Nuestro Tesoro olvidado:

La doctrina Social de la Iglesia

Es un cuaderno para familias y que empieza en el contexto familiar. Hoy estoy en casa de los abuelos, trabajando en el ordenador de mi padre y con mis dos sobrinos jugando alrededor. David, el mayor, quiere “ayudarme”, intenta mover el ratón mientras yo tecleo y, como eso no parece muy práctico, enseguida inventa algo nuevo e ingenioso: ayudarme a corregir, cada vez que una palabra se pone de color rojo, el me avisa para cambiarla. Y en esas estamos, en honor a mi pequeño secretario he empezado por escribir la dedicatoria que ya habéis podido leer: “Dedicado a mis sobrinos: Eva y David. Se trata de hacer un mundo mejor para ellos”.

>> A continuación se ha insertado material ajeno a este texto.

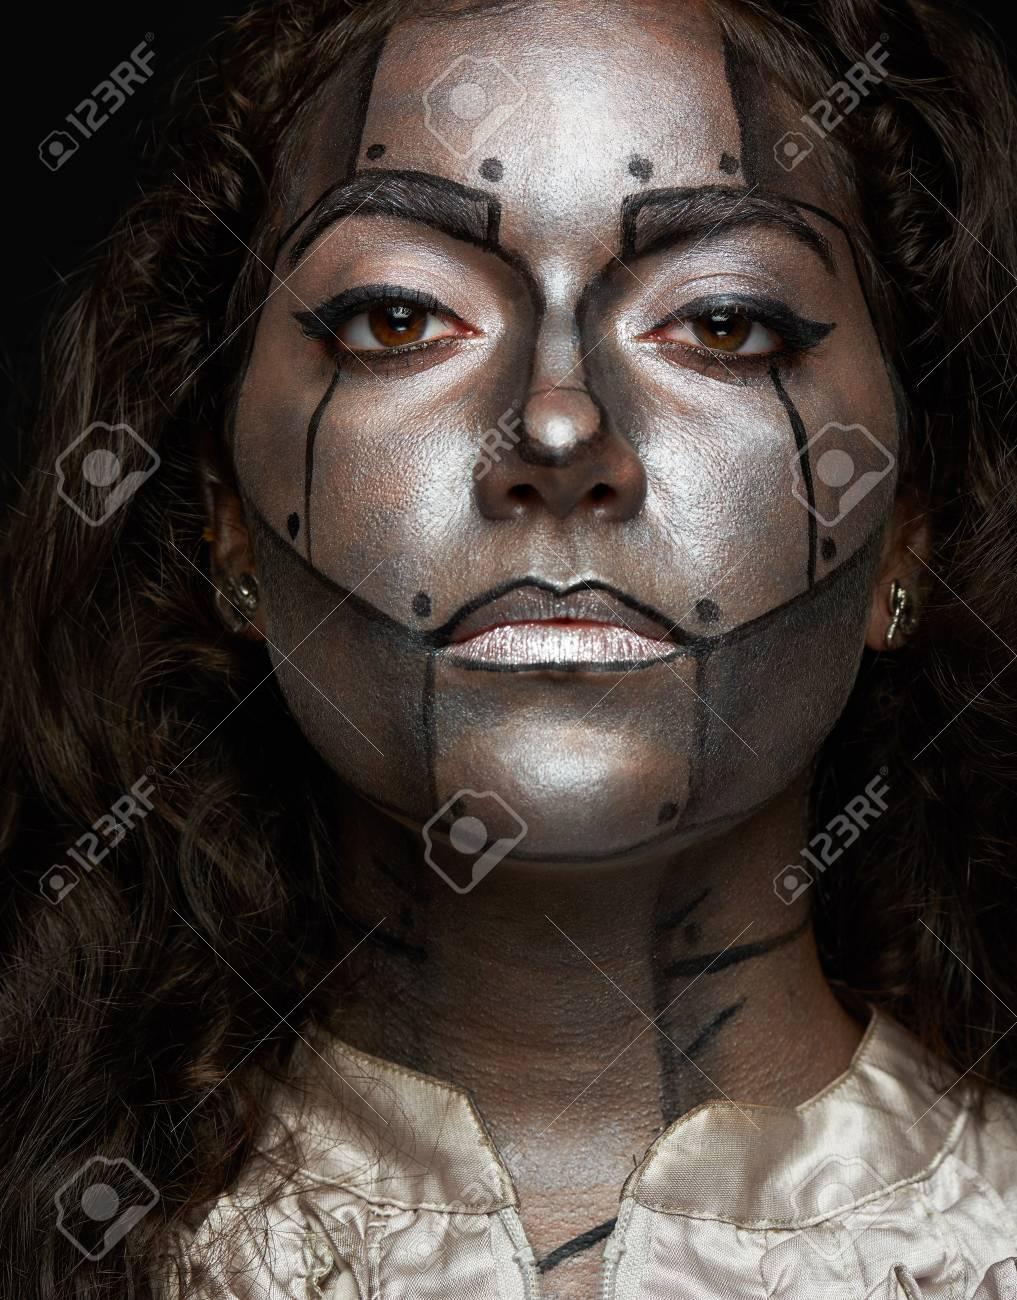 Eitelkeit Gesicht Bemalen Dekoration Von Frauen Ernsten Blick Mit Kunst Am Körper
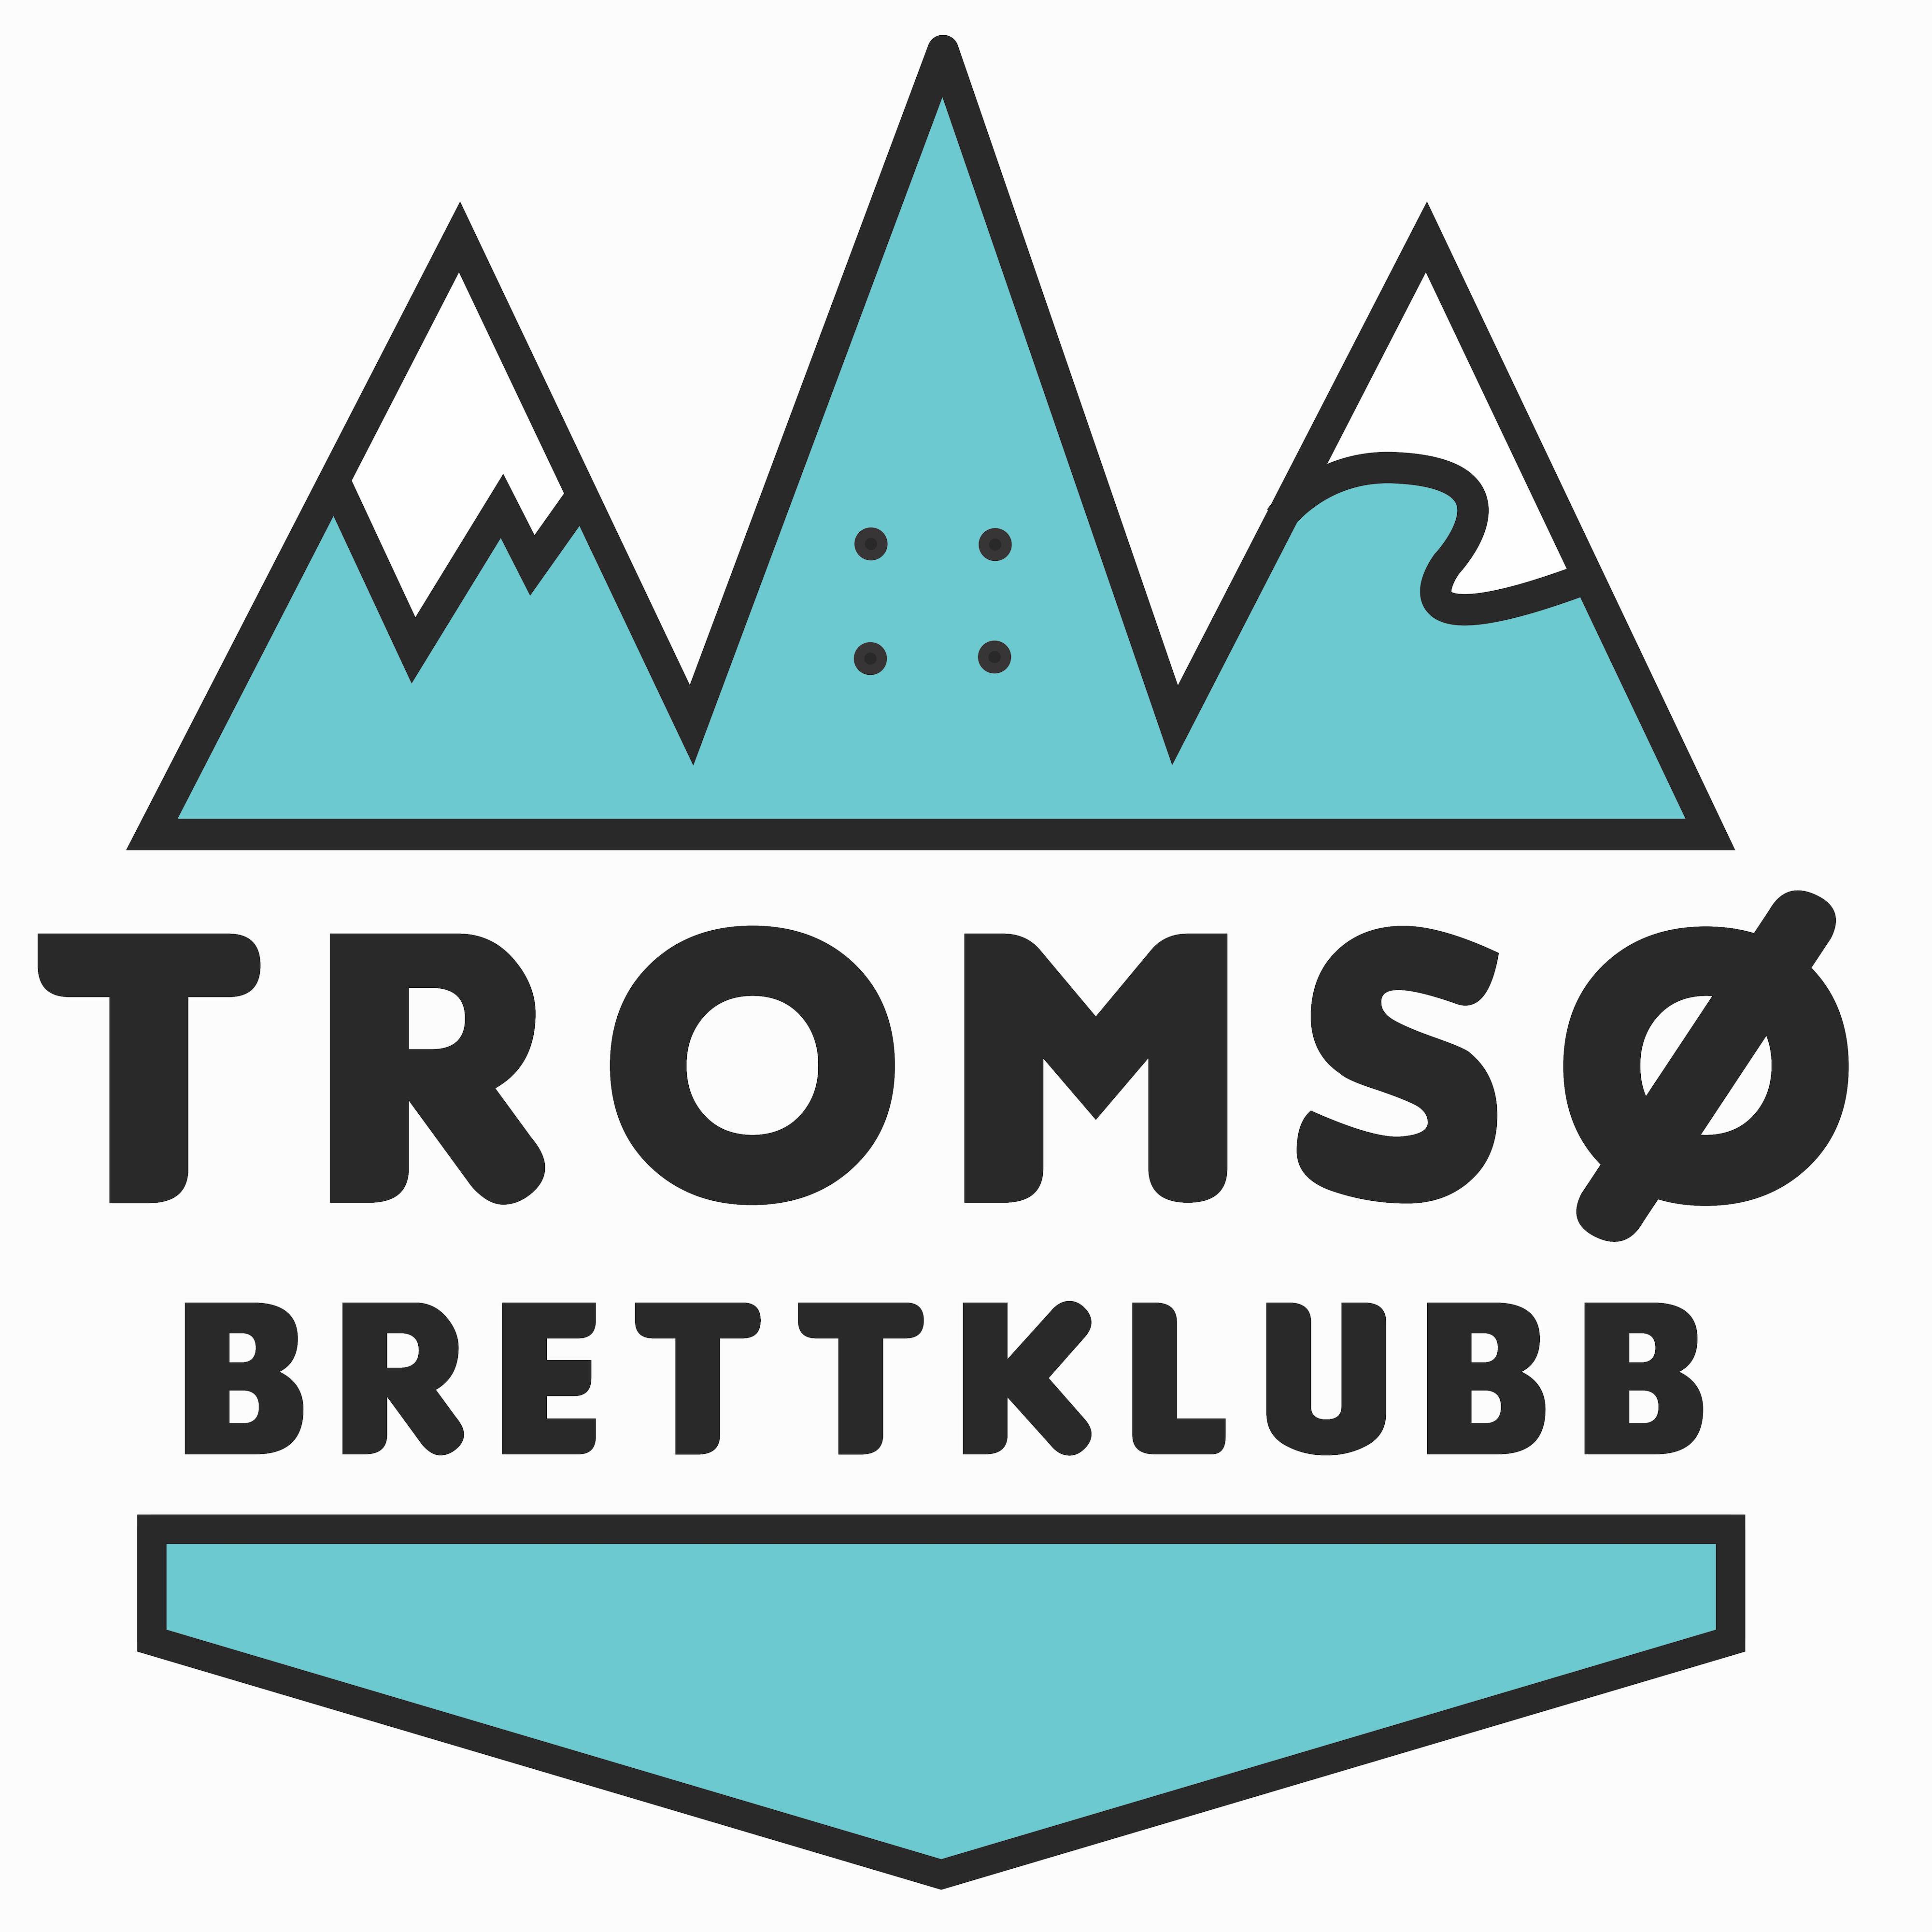 Tromsø Brettklubb

Y, sí, de eso se trata la Doctrina Social de la Iglesia, de cómo les dejamos a estos chavales que empiezan la vida un mundo mejor. Porque parece que no se ha tenido esto muy en cuenta últimamente y los jóvenes y no tan jóvenes que ahora se incorporan al trabajo o quieren formar una familia lo tienen crudo para pagarse una casa, tener un empleo fijo, garantizarse las pensiones o respirar aire limpio en un planeta cada vez más degradado.
¿Vamos a plantearnos cambiar entre todos el rumbo de este mundo para que los niños que nacen hoy tengan una vida más humana?
¿Vamos a pensar “a lo grande” y sin fronteras para que los niños de todo el mundo puedan vivir dignamente?
De momento tenemos para ellos el hambre y las guerras y, después, si intentan salir de ahí a buscar una vida mejor, muros y alambradas cada vez más altas.
Por eso, dedicar un año a la Doctrina Social de la Iglesia es plantearnos que crezca el amor en nuestras familias. Que sea un amor verdaderamente cristiano que abrace a otras familias del mundo entero.